= Coherent algebra =

Algebra of complex square matrices

A coherent algebra is an algebra of complex square matrices that is closed under ordinary matrix multiplication, Schur product, transposition, and contains both the identity matrix $I$ and the all-ones matrix $J$.

== Definitions ==
A subspace $\mathcal{A}$ of $\mathrm{Mat}_{n \times n}(\mathbb{C})$ is said to be a coherent algebra of order $n$ if:
- $I, J \in \mathcal{A}$.
- $M^{T} \in \mathcal{A}$ for all $M \in \mathcal{A}$.
- $MN \in \mathcal{A}$ and $M \circ N \in \mathcal{A}$ for all $M, N \in \mathcal{A}$.
A coherent algebra $\mathcal{A}$ is said to be:
- Homogeneous if every matrix in $\mathcal{A}$ has a constant diagonal.
- Commutative if $\mathcal{A}$ is commutative with respect to ordinary matrix multiplication.
- Symmetric if every matrix in $\mathcal{A}$ is symmetric.
The set $\Gamma(\mathcal{A})$ of Schur-primitive matrices in a coherent algebra $\mathcal{A}$ is defined as $\Gamma(\mathcal{A}) := \{ M \in \mathcal{A} : M \circ M = M, M \circ N \in \operatorname{span} \{ M \} \text{ for all } N \in \mathcal{A} \}$.

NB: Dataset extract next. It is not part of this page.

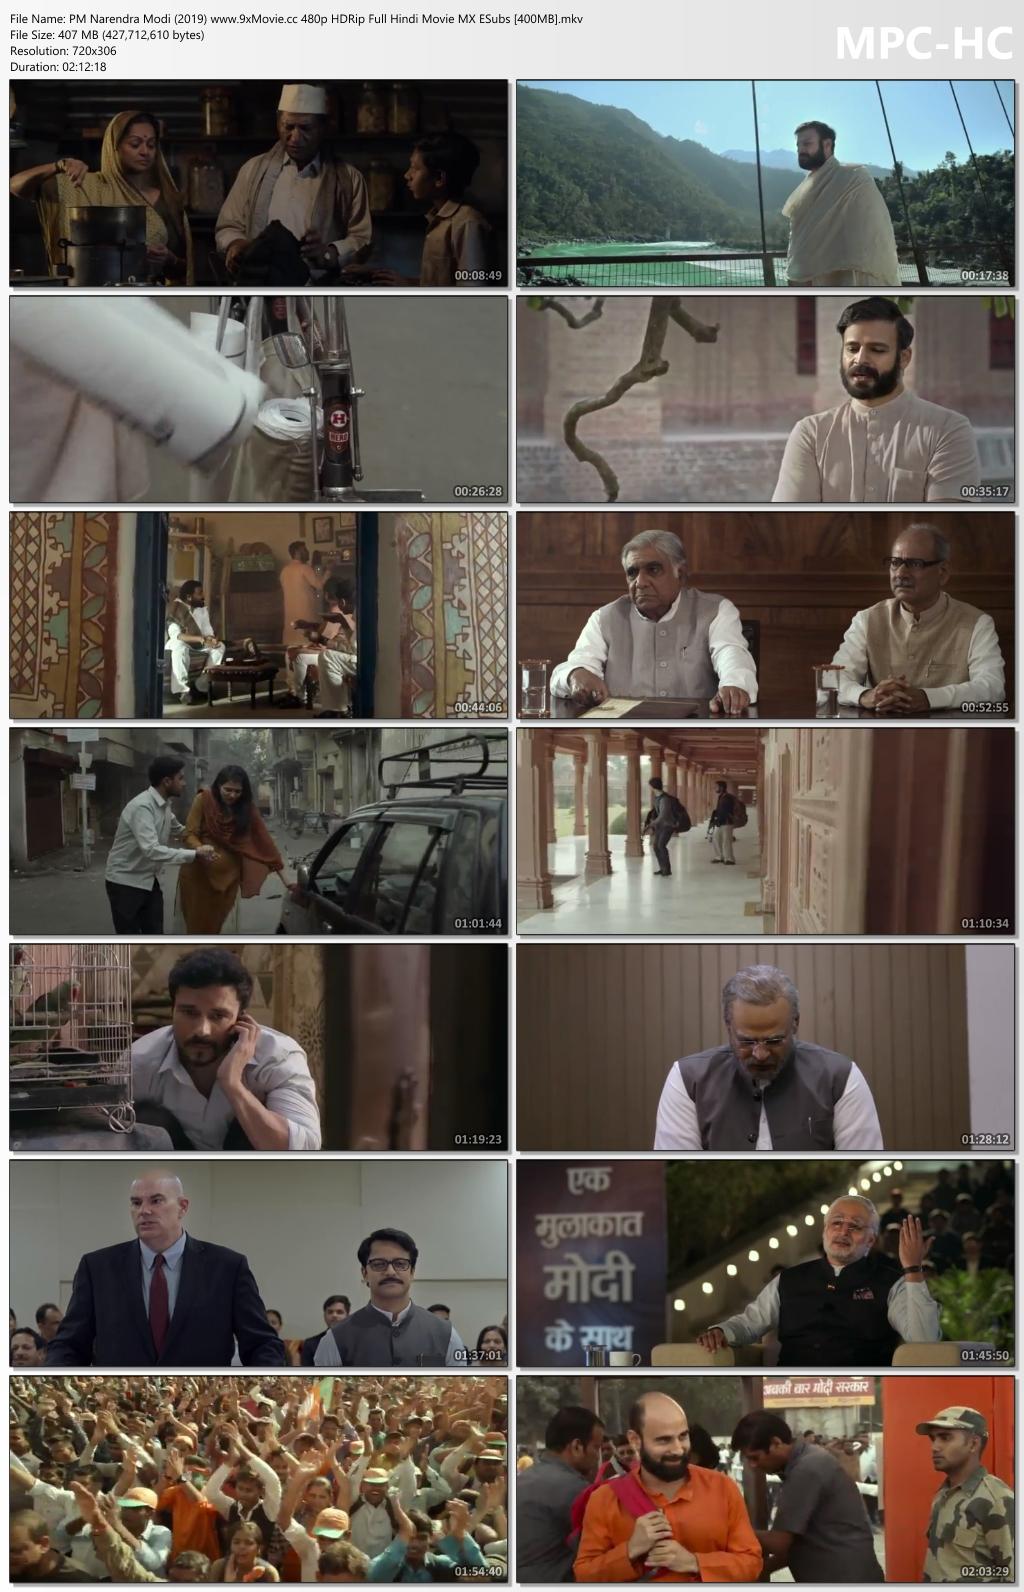 PM-Narendra-Modi-2019-www-9x-Movie-cc-480p-HDRip-Full-Hindi-Movie-MX-ESubs-400-MB-mkv

Dually, the set $\Lambda(\mathcal{A})$ of primitive matrices in a coherent algebra $\mathcal{A}$ is defined as $\Lambda(\mathcal{A}) := \{ M \in \mathcal{A} : M^{2} = M, MN \in \operatorname{span} \{ M \} \text{ for all } N \in \mathcal{A} \}$.

== Examples ==
- The centralizer of a group of permutation matrices is a coherent algebra, i.e. $\mathcal{W}$ is a coherent algebra of order $n$ if $\mathcal{W} := \{ M \in \mathrm{Mat}_{n \times n}(\mathbb{C}) : MP = PM \text { for all } P \in S \}$ for a group $S$ of $n \times n$ permutation matrices. Additionally, the centralizer of the group of permutation matrices representing the automorphism group of a graph $G$ is homogeneous if and only if $G$ is vertex-transitive.
- The span of the set of matrices relating pairs of elements lying in the same orbit of a diagonal action of a finite group on a finite set is a coherent algebra, i.e. $\mathcal{W} := \operatorname{span} \{ A(u,v) : u,v \in V \}$ where $A(u,v) \in \operatorname{Mat}_{V \times V}(\mathbb{C})$ is defined as $$(A(u,v))_{x, y} := \begin{cases} 1 \ \text{if } (x, y) = (u^{g}, v^{g}) \text { for some } g \in G \\ 0 \text{ otherwise } \end{cases}$$for all $u, v \in V$ of a finite set $V$ acted on by a finite group $G$.
- The span of a regular representation of a finite group as a group of permutation matrices over $\mathbb{C}$ is a coherent algebra.

== Properties ==
- The intersection of a set of coherent algebras of order $n$ is a coherent algebra.
- The tensor product of coherent algebras is a coherent algebra, i.e. $\mathcal{A} \otimes \mathcal{B} := \{ M \otimes N : M \in \mathcal{A} \text{ and } N \in \mathcal{B} \}$ if $\mathcal{A} \in \operatorname{Mat}_{m \times m}(\mathbb{C})$ and $\mathcal{B} \in \mathrm{Mat}_{n \times n}(\mathbb{C})$ are coherent algebras.
- The symmetrization $\widehat{\mathcal{A}} := \operatorname{span} \{ M + M^{T} : M \in \mathcal{A} \}$ of a commutative coherent algebra $\mathcal{A}$ is a coherent algebra.
- If $\mathcal{A}$ is a coherent algebra, then $M^{T} \in \Gamma(\mathcal{A})$ for all $M \in \mathcal{A}$, $\mathcal{A} = \operatorname{span} \left ( \Gamma(\mathcal{A} \right ))$, and $I \in \Gamma(\mathcal{A})$ if $\mathcal{A}$ is homogeneous.
- Dually, if $\mathcal{A}$ is a commutative coherent algebra (of order $n$), then $E^{T}, E^{*} \in \Lambda(\mathcal{A})$ for all $E \in \mathcal{A}$, $\frac{1}{n} J \in \Lambda(\mathcal{A})$, and $\mathcal{A} = \operatorname{span} \left ( \Lambda(\mathcal{A} \right ))$ as well.
- Every symmetric coherent algebra is commutative, and every commutative coherent algebra is homogeneous.
- A coherent algebra is commutative if and only if it is the Bose–Mesner algebra of a (commutative) association scheme.
- A coherent algebra forms a principal ideal ring under Schur product; moreover, a commutative coherent algebra forms a principal ideal ring under ordinary matrix multiplication as well.